Introduction | Documentation

#About

💧 Instill VDP (Versatile Data Pipeline) is a powerful tool designed to build end-to-end unstructured data pipelines. It leverages the capabilities of 3rd-party data, AI, and applications functionalities and seamlessly connect with ⚗️ Instill Model and 💾 Instill Artifact via ⚙️ Instill Component components.

#Pipeline Recipe

A pipeline is defined by a recipe, which is essentially a JSON object composed of a run method, variable, output and multiple components:

Here is a sample recipe where the input is a prompt, and the output is a text.

{
  "on": {},
  "variable": {
    "prompt": {
      "title": "input",
      "instillFormat": "string"
    }
  },
  "output": {
    "text": {
      "title": "text",
      "value": "${op-0.output.texts[0]}"
    }
  },
  "component": {
    "op-0": {
      "type": "openai",
      "task": "TASK_TEXT_GENERATION",
      "input": {
        "model": "gpt-3.5-turbo",
        "n": 2,
        "prompt": "${variable.prompt}",
        "response-format": {
          "type": "text"
        },
        "system-message": "You are a helpful assistant.",
        "temperature": 1,
        "top-p": 1
      },
      "setup": {
        "api-key": "${secret.my-openai-key}"
      }
    }
  }
}

Within the recipe, we have four essential fields, on, variable, output and component.

#On

Indicates how the pipeline is run.

#Run on Request

VDP supports running a pipeline via HTTP and gRPC protocols in SYNC or ASYNC mode. The user doesn't need to set up the configuration in the on field. Every pipeline can run if the user provides variable in the request.

SYNC Mode: Responds to a request synchronously, sending back the result to the user immediately after the data is processed. This mode is suitable for real-time inference scenarios where low latency is crucial.
ASYNC Mode: Performs asynchronous workload. The user runs the pipeline with an asynchronous request and only receives an acknowledgment response.
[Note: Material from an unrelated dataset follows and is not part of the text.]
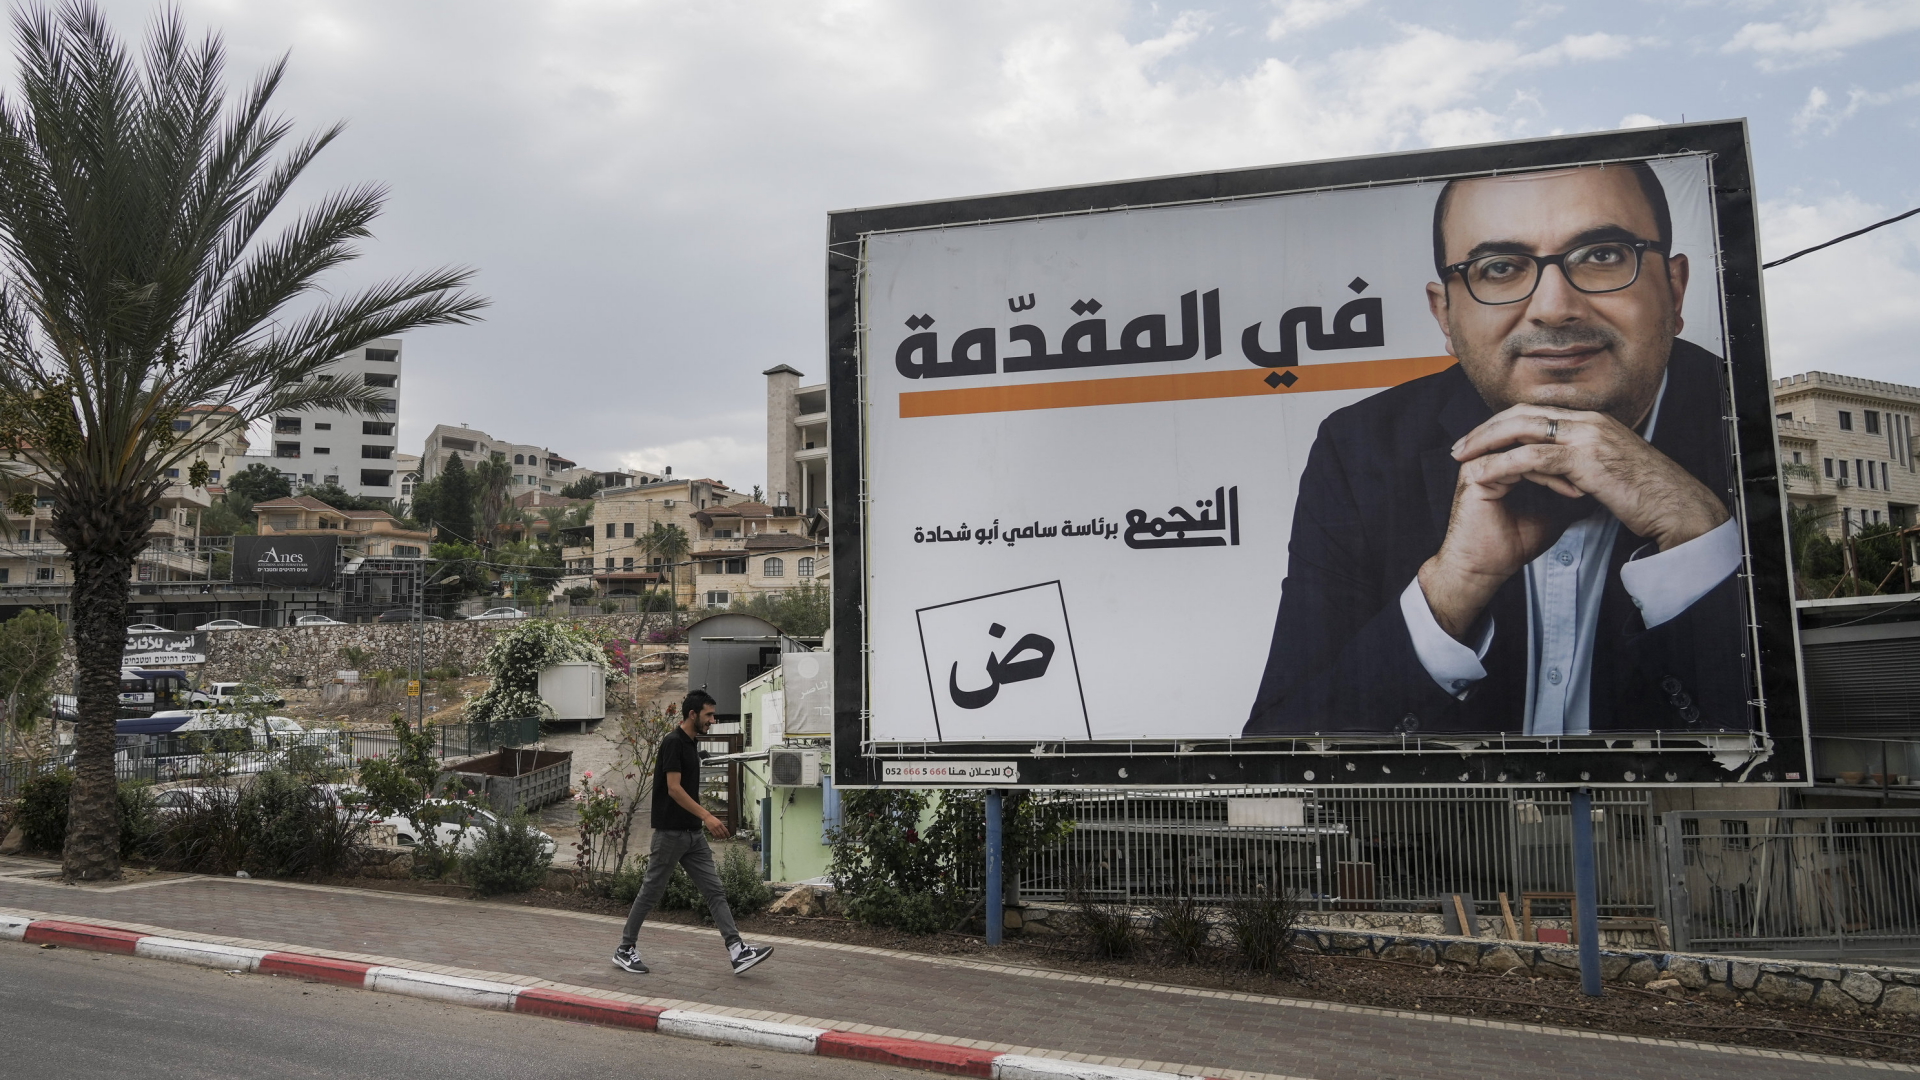 Ein Wahlplakat für die Balad-Partei in Israel | AP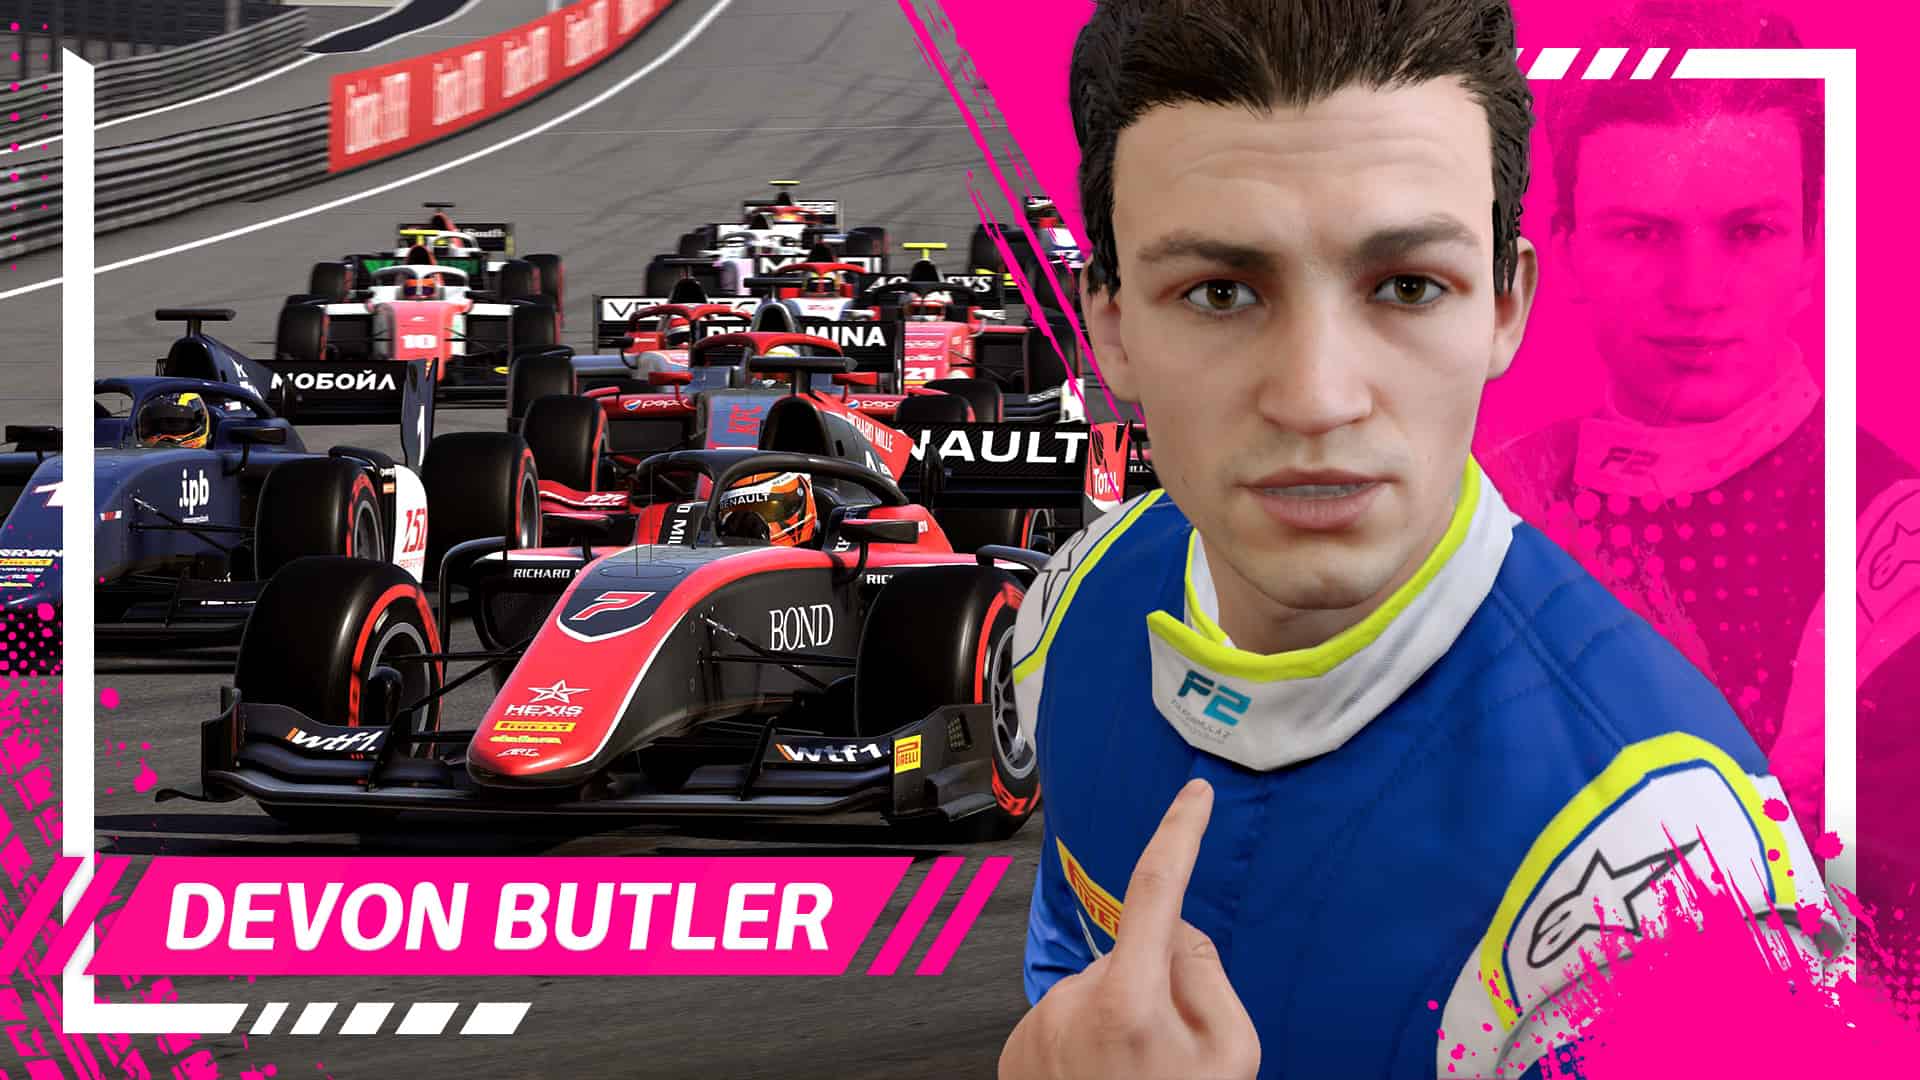 Who is F1 2021’s Devon Butler?

This mode is ideal for use cases that require long-running workloads.

Please refer to the Run Pipeline page for more details.

#Run on Scheduler (Coming Soon)

A pipeline run by a scheduler performs scheduled workloads to regularly run the pipeline.

#Run on Event (Coming Soon)

A pipeline run by a Pub-Sub or Message Queue service.

#Run on Application (Coming Soon)

A pipeline run by an application event.

#Variable

Set up the variables of the pipeline so every component can reference the data from the variables:

title: The title of the variable, which can be displayed on the Console.
description: A description of the variable, which can be displayed on the Console.
instillFormat: The instill format of the variable. Users can use this to control the data format. Please refer to Instill Format for more details.

#Output

Set up ths output of the pipeline:

title: The title of the output, which can be displayed on the Console.
description: A description of the output, which can be displayed on the Console.
value: The value of the output, which can be referenced from any component data.

#Component

Consists of multiple components, which can be a generic, AI, data, application, or operator component.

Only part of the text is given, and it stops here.